In July 2017, Hims adopted the 2017 Stock Plan (the “2017 Plan”). Under the 2017 Plan, the Board of Directors could grant awards, including incentive stock options, non-statutory stock options, stock appreciation rights, restricted stock awards, RSU awards, and other stock awards to employees, directors, and consultants.

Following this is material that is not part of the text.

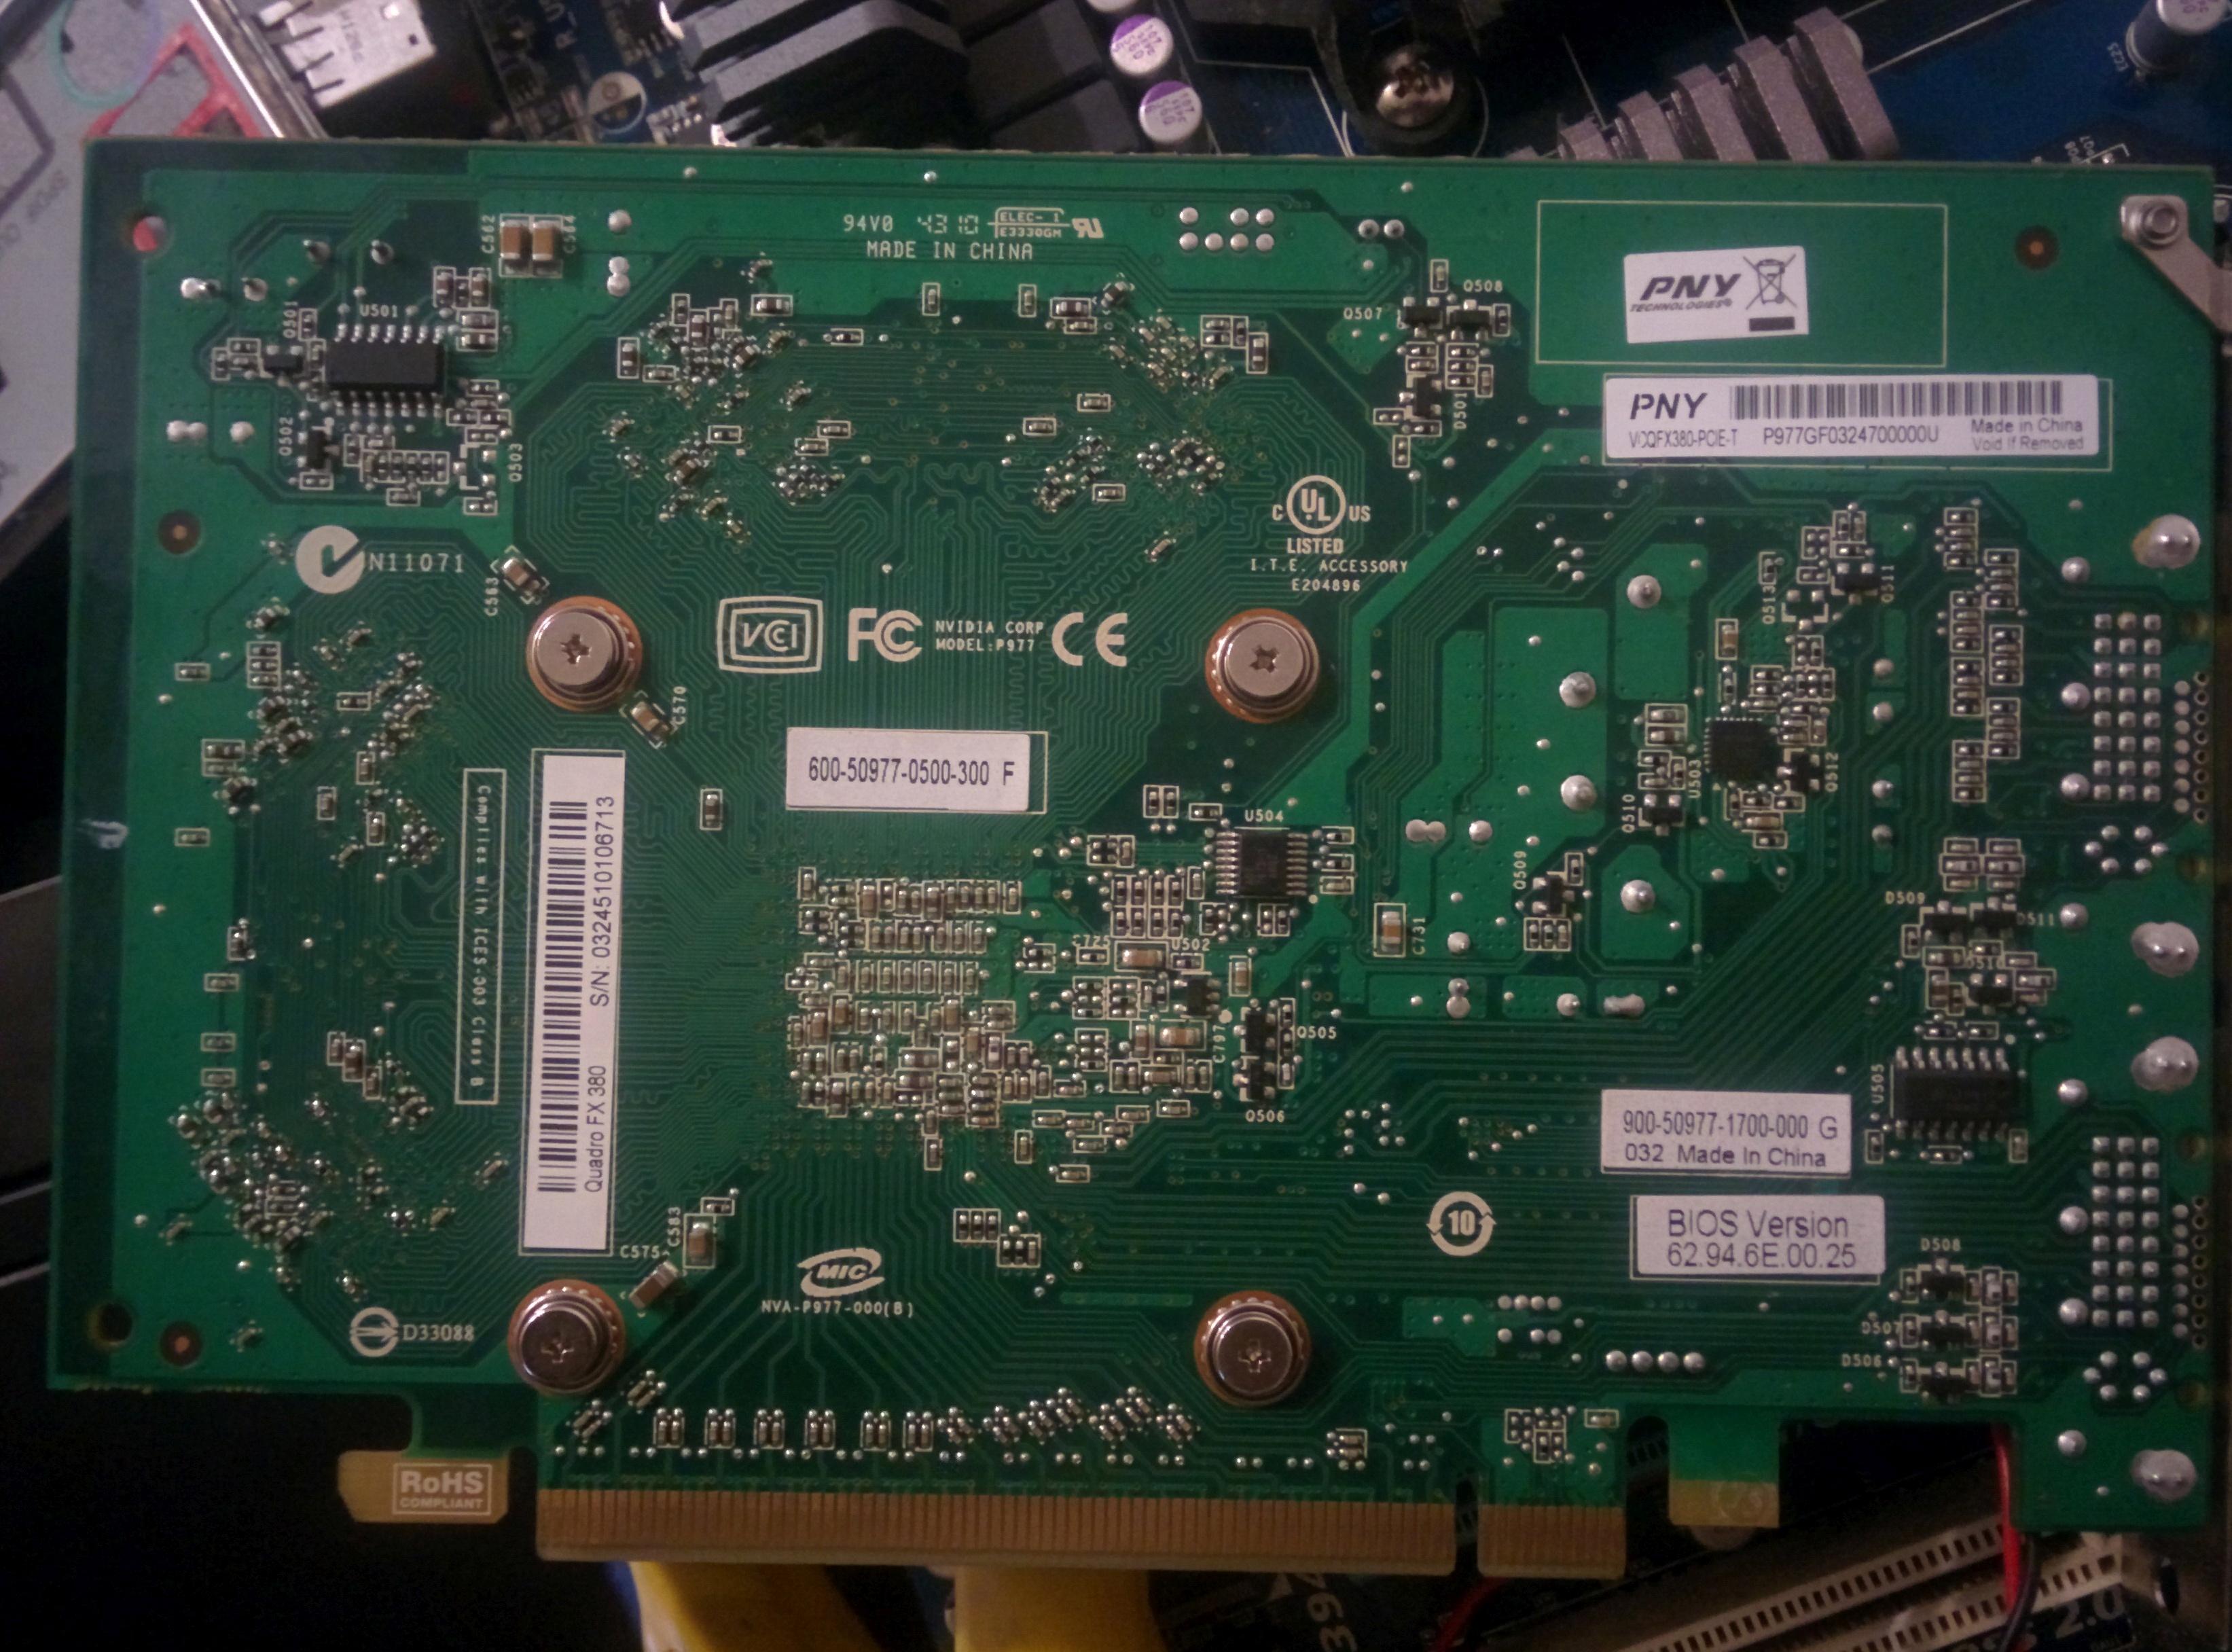 Hattix co uk: Computer Hardware Museum

In January 2021, in connection with the Merger, the Board of Directors adopted the 2020 Equity Incentive Plan (the “2020 Plan”) and reserved 21,000,000 authorized shares of Class A common stock the Company could issue. In addition, up to 19,000,000 shares of Hims Class A common stock subject to awards granted under the 2017 Plan that were forfeited, expired or lapsed unexercised or unsettled could be added to the 2020 Plan reserve. Beginning on January 1, 2022 and ending on January 1, 2031, the number of authorized shares of common stock under the 2020 Plan will automatically increase by 5% of the total number of Class A and Class V common stock issued and outstanding on the last day of the preceding fiscal year unless the Board of Directors approves a lesser number. As of the effective date of the 2020 Plan, no further stock awards have been or will be granted under the 2017 Plan. During the period, 1,413,818 shares of Class A common stock subject to awards granted under the 2017 Plan that were outstanding on the Merger date and forfeited after the adoption of the 2020 Plan were added to the 2020 Plan reserve. Therefore, as of December 31, 2021, there were 22,413,818 shares of Class A common stock reserved and 17,795,844 shares of Class A common stock available for the Company to grant under the 2020 Stock Plan. There were no more shares available for grant under the 2017 Plan since the 2017 Plan was replaced by the 2020 Plan.

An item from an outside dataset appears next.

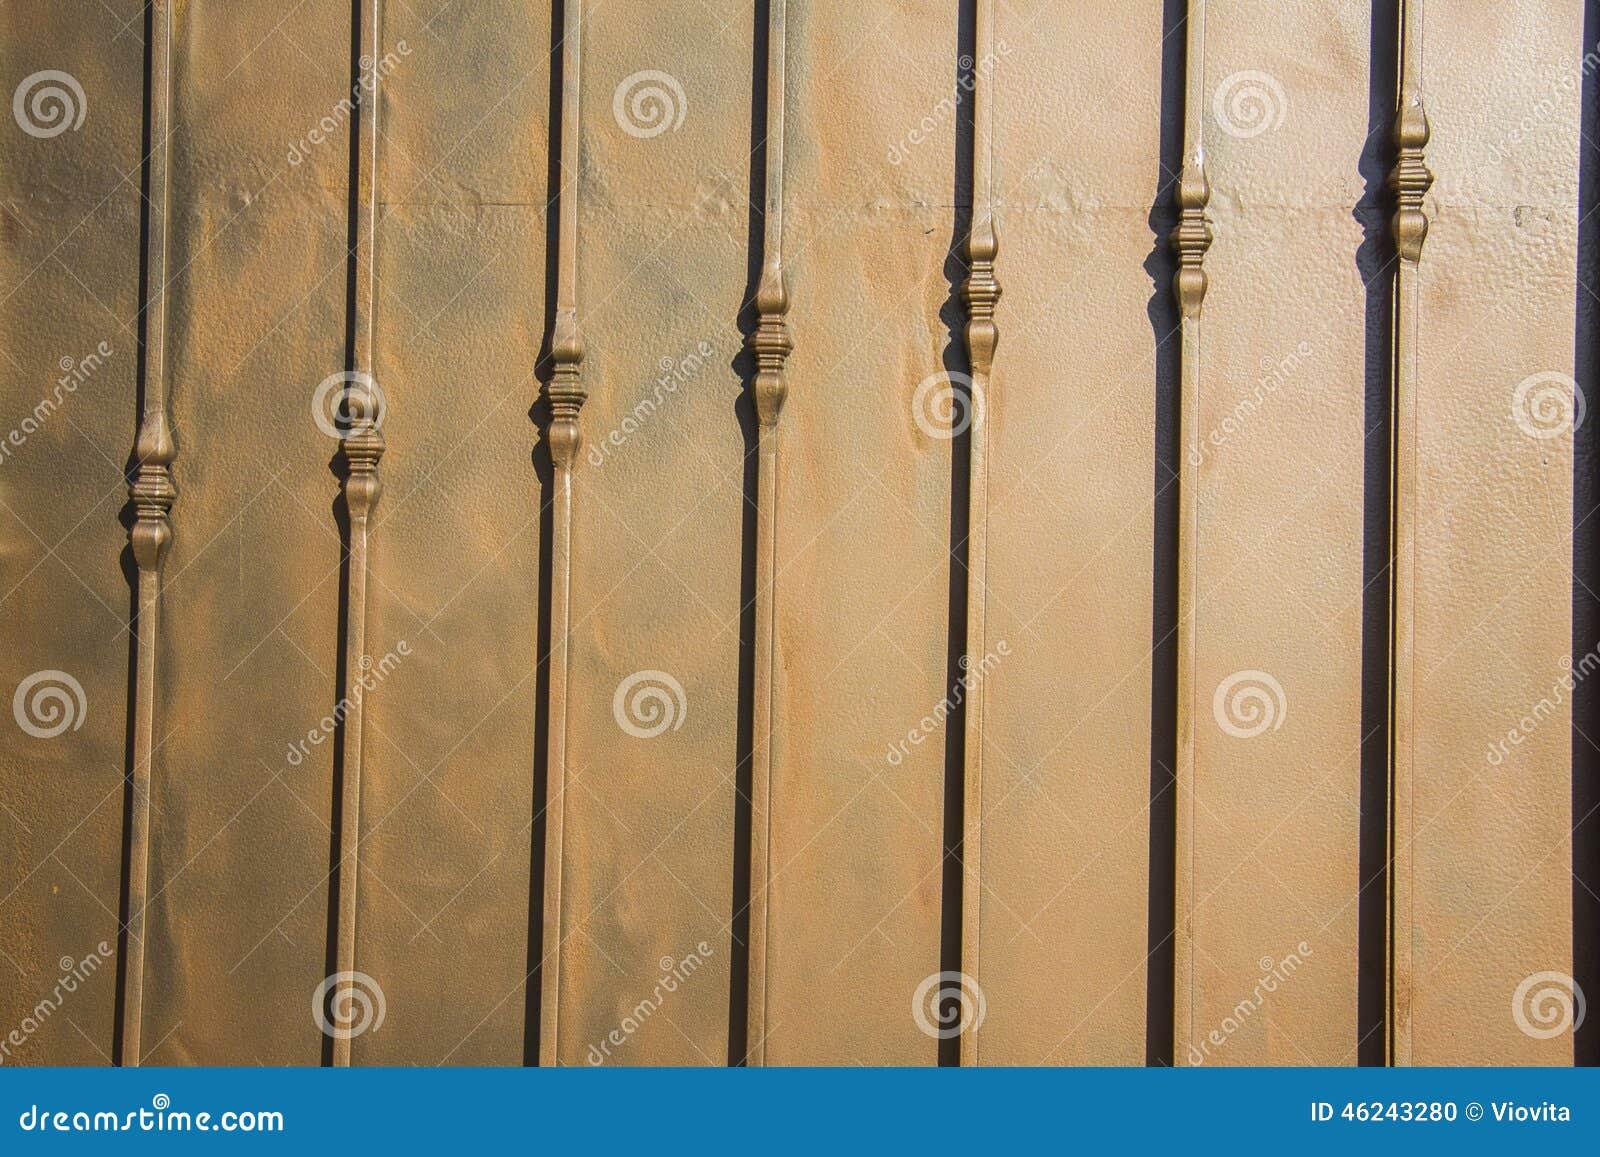 Luxury wrought iron fence detail stock photo for Luxury fences

Under both the 2017 Plan and 2020 Plan, stock options and stock appreciation rights are granted at exercise prices determined by the Board of Directors which cannot be less than 100% of the estimated fair market value of the common stock on the grant date. Incentive stock options granted to any stockholders holding 10% or more of the Company’s equity cannot be granted with an exercise price of less than 110% of the estimated fair market value of the common stock on the grant date and such options are not exercisable after five years from the grant date.

2020 Employee Stock Purchase Plan

In January 2021, the Board of Directors adopted the Company’s ESPP, which became effective immediately prior to the closing date of the Merger. The total shares of Class A common stock initially reserved under the ESPP is limited to 4,000,000 shares.

Under the ESPP, eligible employees may purchase the Company’s Class A common stock during pre-specified offering periods at a discount established by the Company’s compensation committee. The purchase price is 85% of the lower of the fair market
value of the Company’s Class A common stock on the first trading day of the offering period or the fair market value on the purchase date. Under the ESPP, the Company may specify offering periods with durations of not more than 27 months, and may specify shorter purchase periods within each offering period.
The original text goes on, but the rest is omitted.